Disease-related concerns:

• Hepatic impairment: Systemic exposure is increased in hepatic impairment. Use with caution in patients with mild hepatic impairment (Child-Pugh class A); use is not recommended in patients with moderate or severe hepatic impairment (Child-Pugh classes B and C).

• Renal impairment: Use with caution in patients with severe renal impairment (CrCl ≤30 mL/minute/1.73 m2); systemic exposure is increased ~1.5-fold. If using concurrent simvastatin in patients with moderate to severe renal impairment (CrCl <60 mL/minute/1.73m2), the manufacturer of ezetimibe recommends that simvastatin doses exceeding 20 mg be used with caution and close monitoring for adverse events (eg, myopathy).

Other warnings/precautions:

• Hyperlipidemia: Secondary causes of hyperlipidemia should be ruled out prior to therapy.

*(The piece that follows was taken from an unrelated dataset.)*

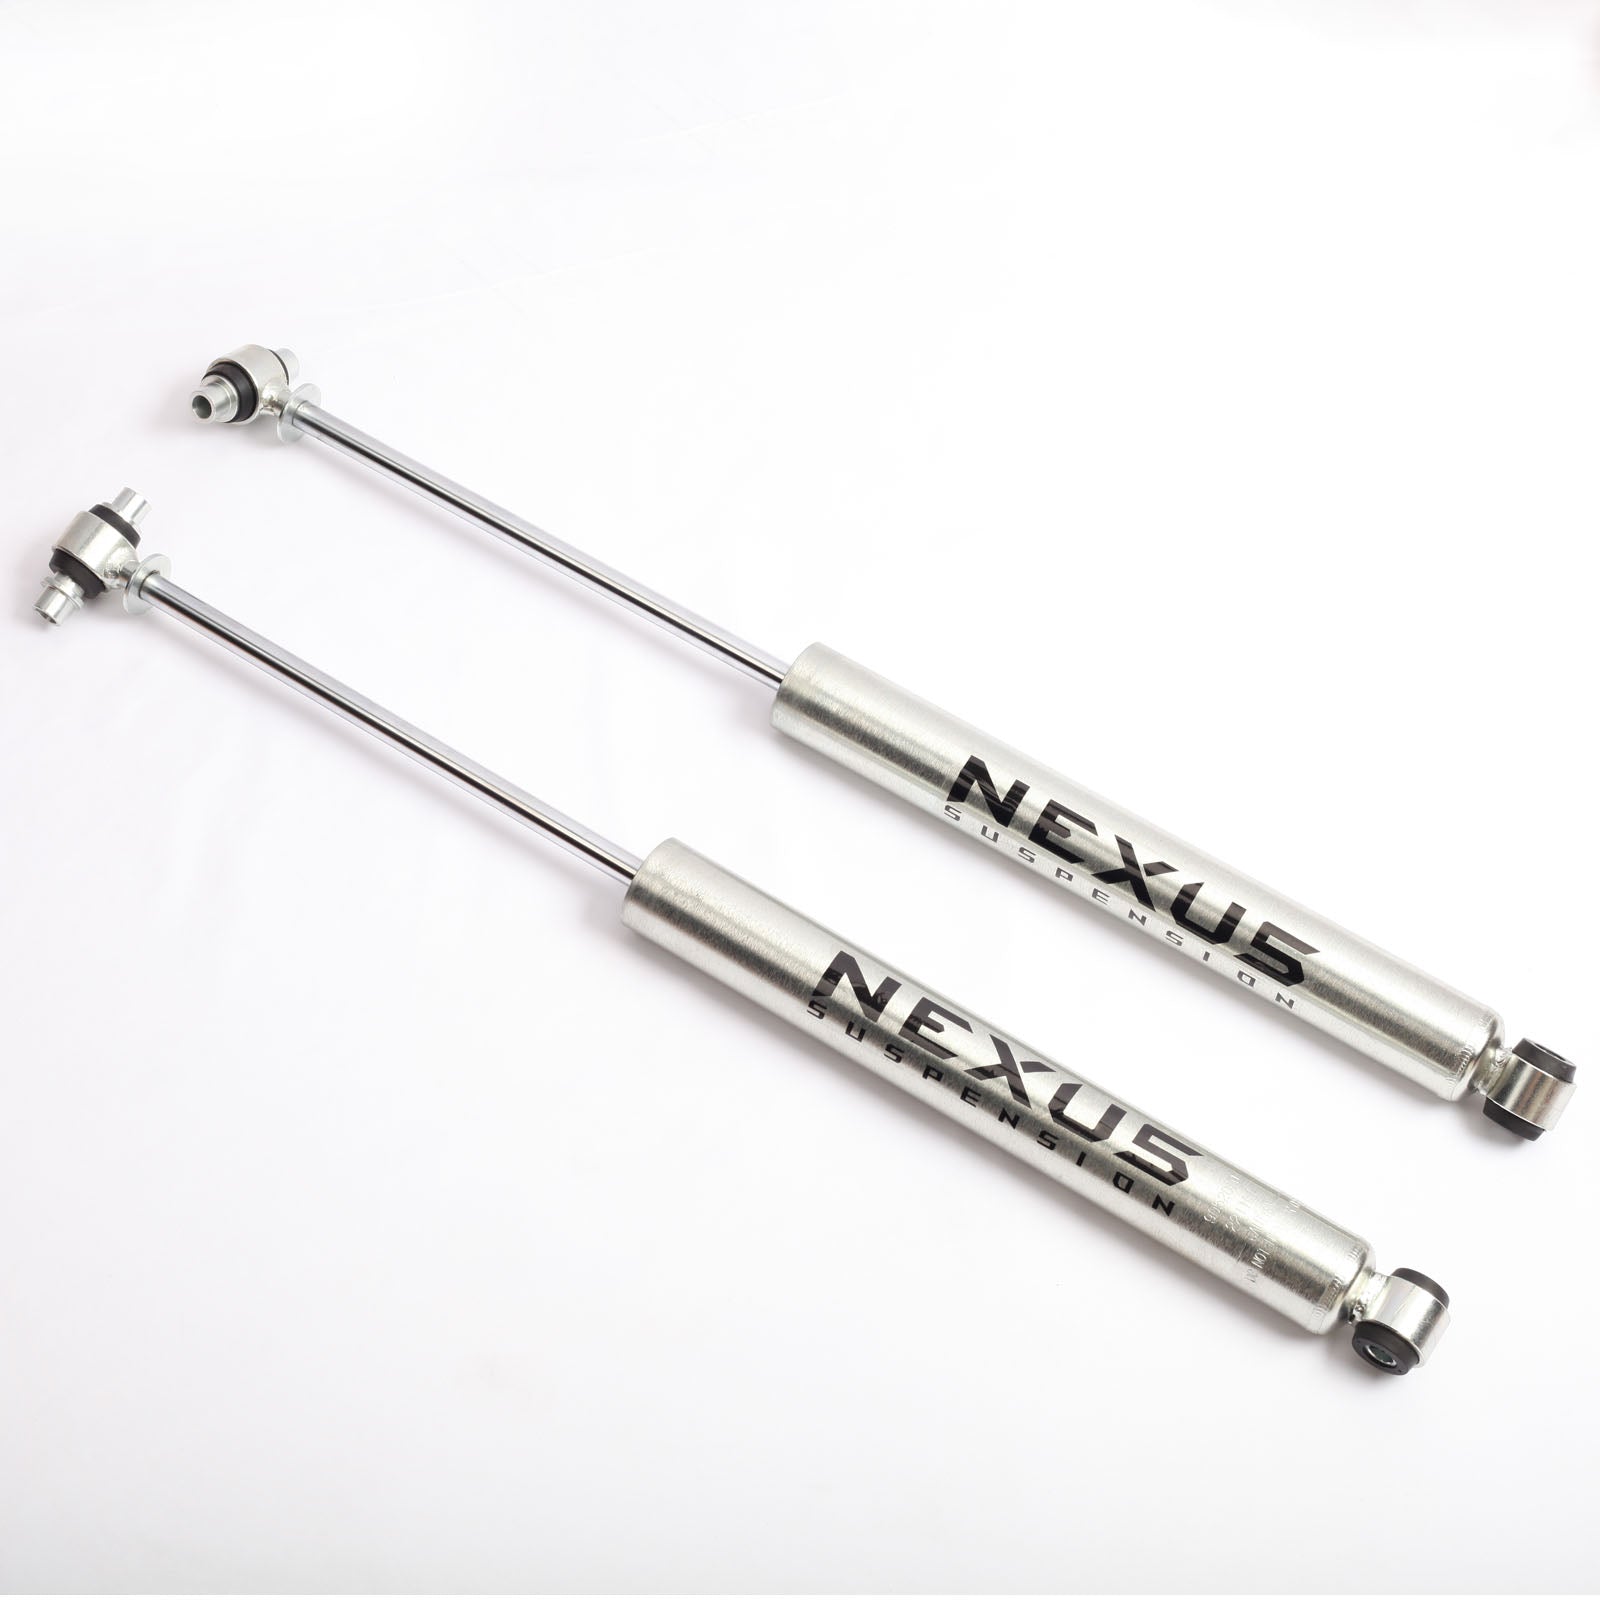 NEXUS SUSPENSION 3-4 Inch Lift Rear Shock Absorber for 2007-2018 Chevy Silverado 1500 2wd/4wd GMC Sierra 1500 2wd/4wd,Zinc Plated Coating,Pair Pack

* See Cautions in AHFS Essentials for additional information.

Geriatric Considerations

The definition of and, therefore, when to treat hyperlipidemia in the elderly is a controversial issue. According to the 2013 ACC/AHA Guidelines on the Treatment of Blood Cholesterol to Reduce Atherosclerotic Cardiovascular Risk in Adults, there are no supporting data for the routine use of nonstatin drugs in combination with a statin to further reduce atherosclerotic cardiovascular disease (ASCVD) events. Evidence for nonstatins in statin-intolerant patients is also lacking (Stone 2013). It is the authors' belief that pharmacologic treatment be reserved for those who are unable to obtain a desirable plasma cholesterol concentration by diet alone and for whom the benefits of treatment are believed to outweigh the potential adverse effects, drug interactions, and cost of treatment.

Pregnancy Risk Factor

C

Pregnancy Considerations

Adverse events were observed in some animal reproduction studies. Use is contraindicated in pregnant women who require combination therapy with an HMG-CoA reductase inhibitor. If treatment for familial hypercholesterolemia is needed during pregnancy, other agents are preferred (Wiegman 2015).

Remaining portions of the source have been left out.